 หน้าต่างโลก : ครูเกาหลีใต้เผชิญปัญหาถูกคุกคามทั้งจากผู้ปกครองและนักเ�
****
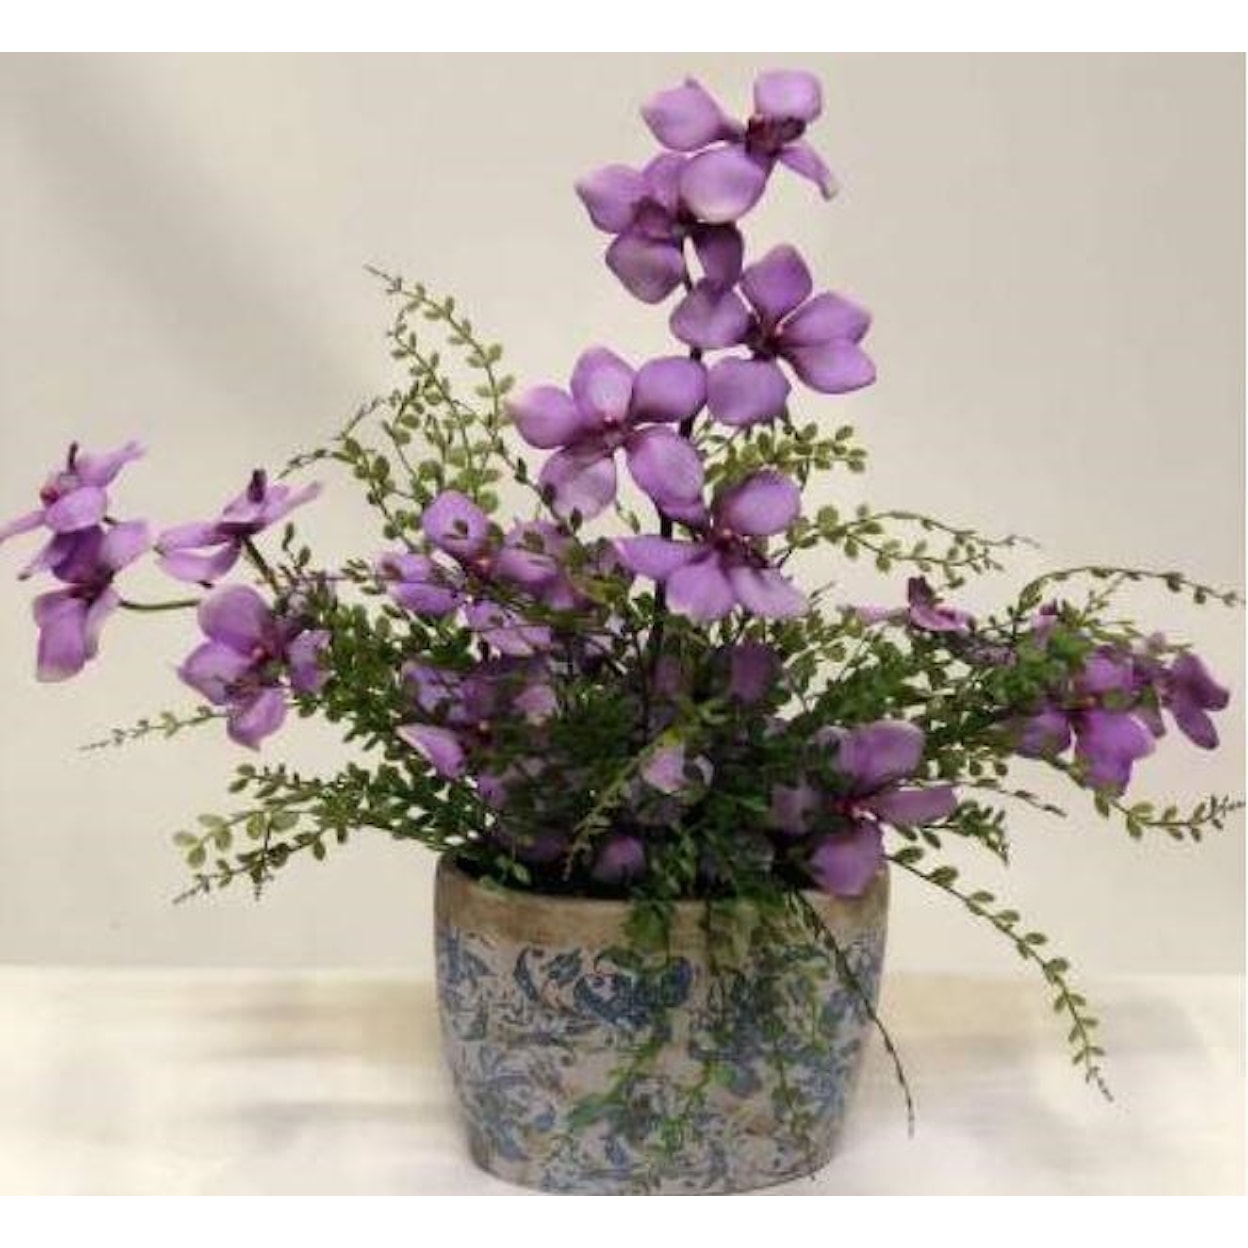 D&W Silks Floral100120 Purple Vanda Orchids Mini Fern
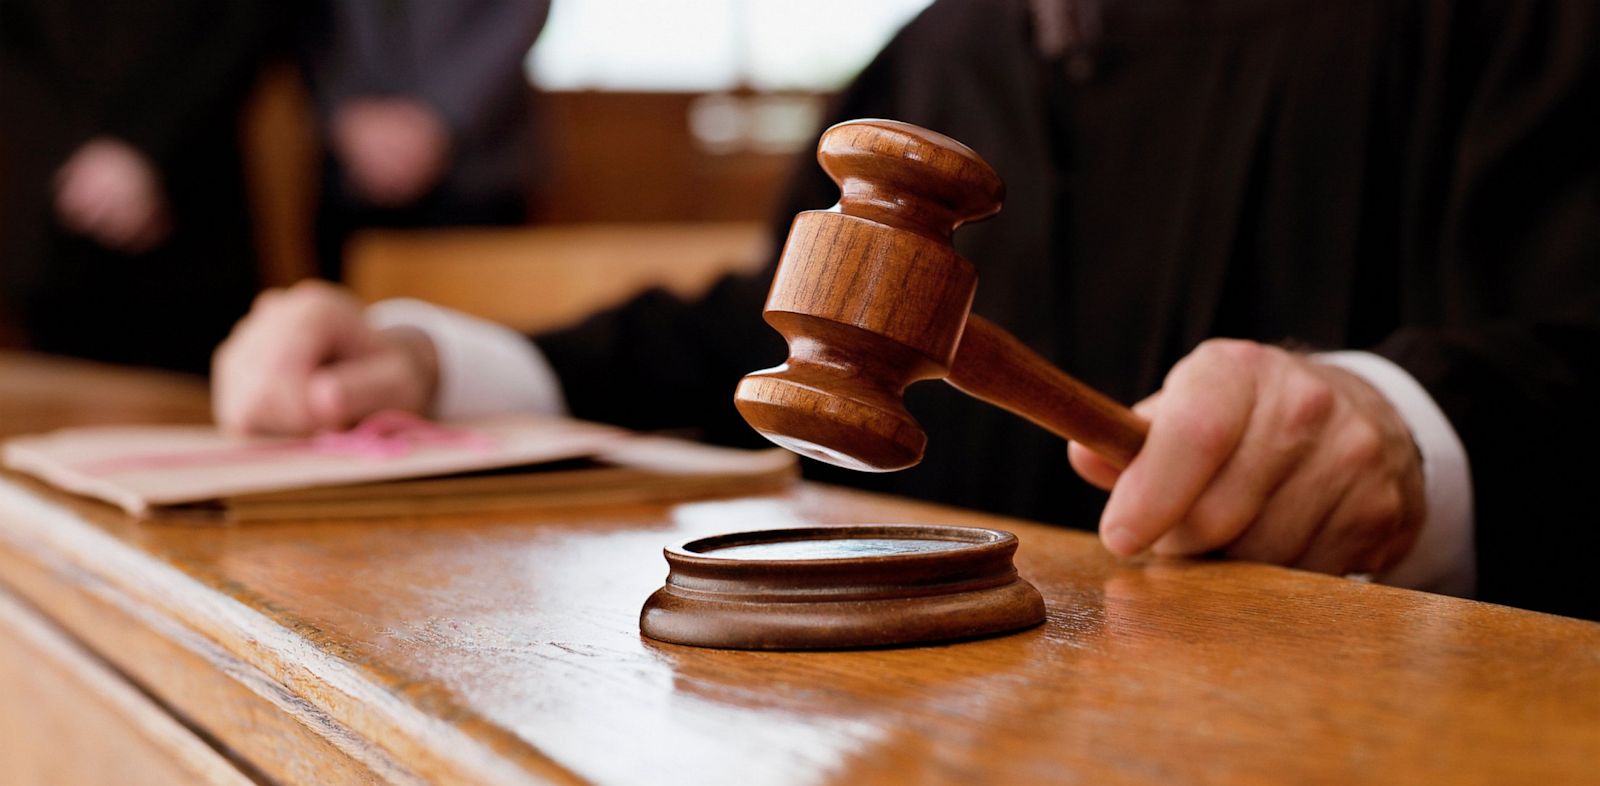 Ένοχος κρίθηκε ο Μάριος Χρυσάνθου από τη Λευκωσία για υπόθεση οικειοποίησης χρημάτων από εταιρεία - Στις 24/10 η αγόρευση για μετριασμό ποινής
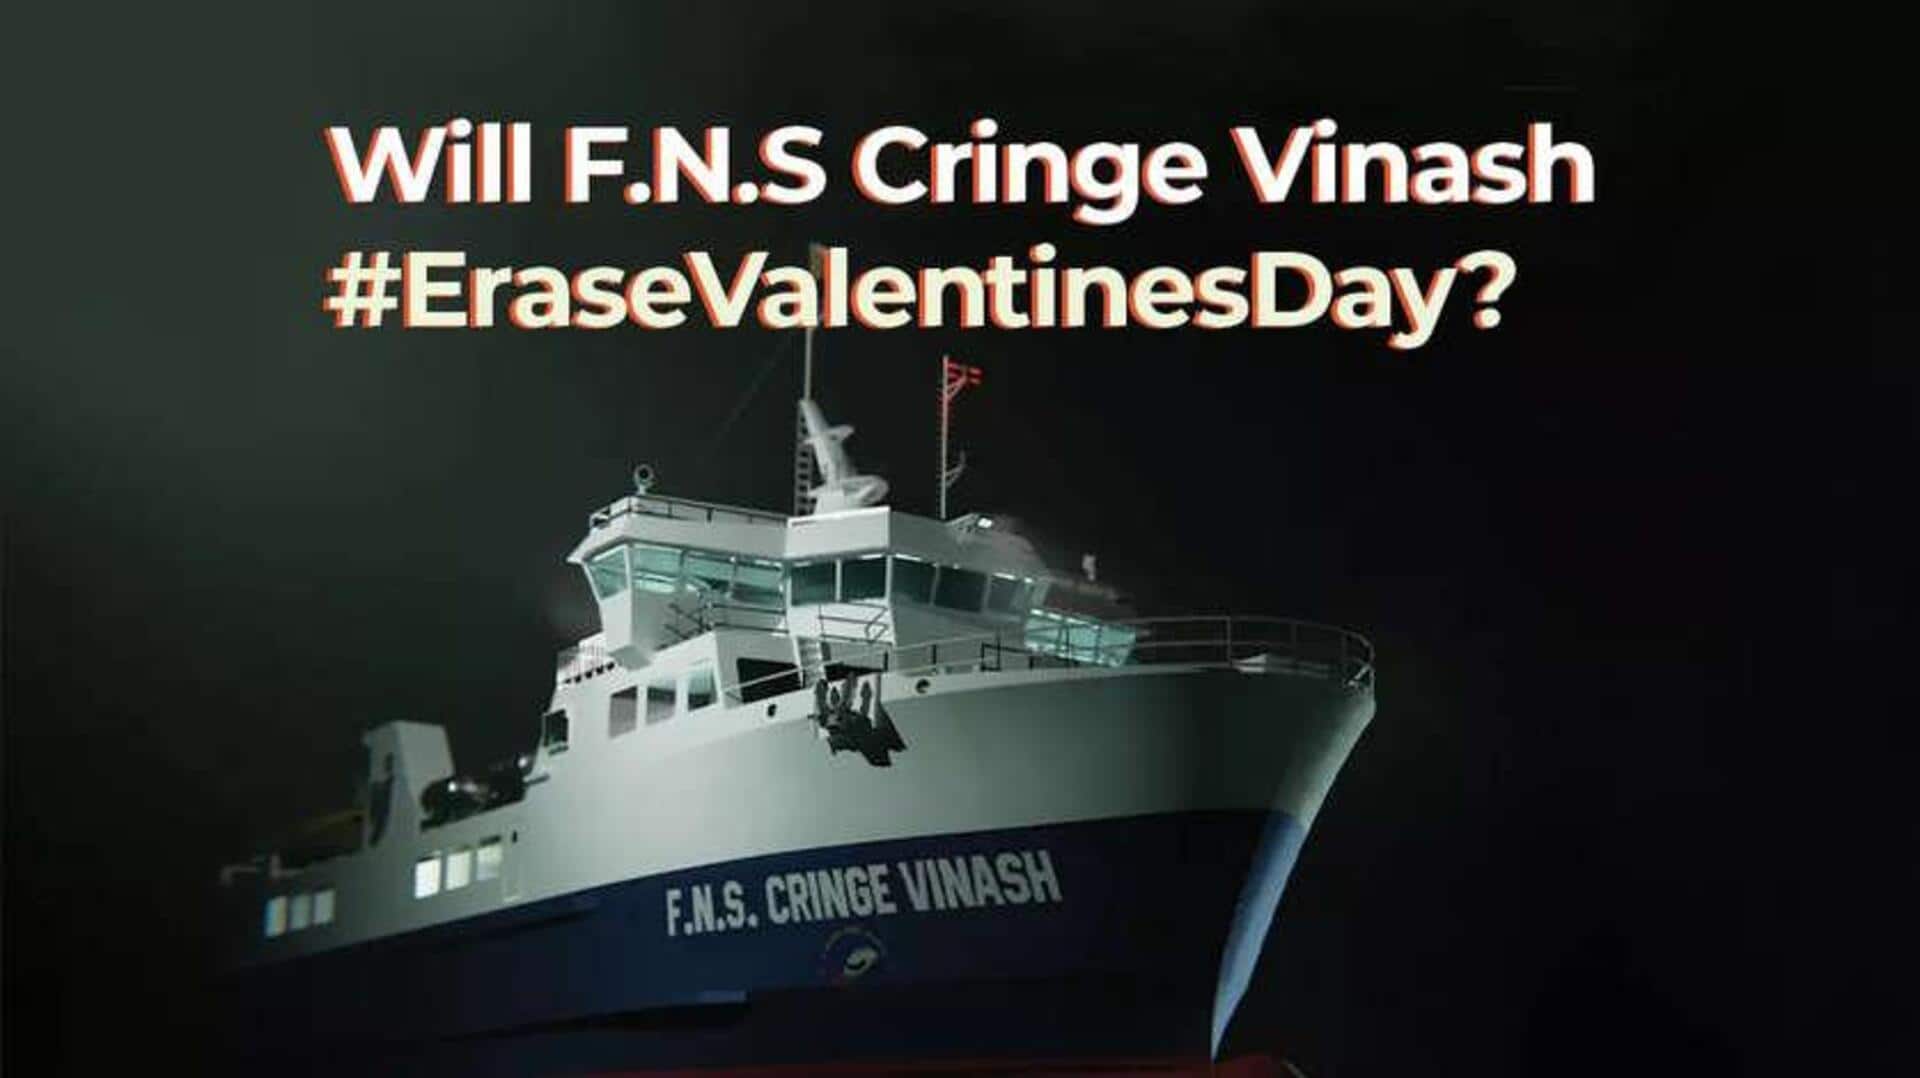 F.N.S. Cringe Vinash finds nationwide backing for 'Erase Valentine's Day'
****
## Description of the task
Starting at the line containing "Ένοχος κρίθηκε ο" and finishing at the line containing "F.N.S. Cringe Vinash", return those lines exactly as they appear above, without the pictures.

## Answer to this exercise
 Ένοχος κρίθηκε ο Μάριος Χρυσάνθου από τη Λευκωσία για υπόθεση οικειοποίησης χρημάτων από εταιρεία - Στις 24/10 η αγόρευση για μετριασμό ποινής
 F.N.S. Cringe Vinash finds nationwide backing for 'Erase Valentine's Day'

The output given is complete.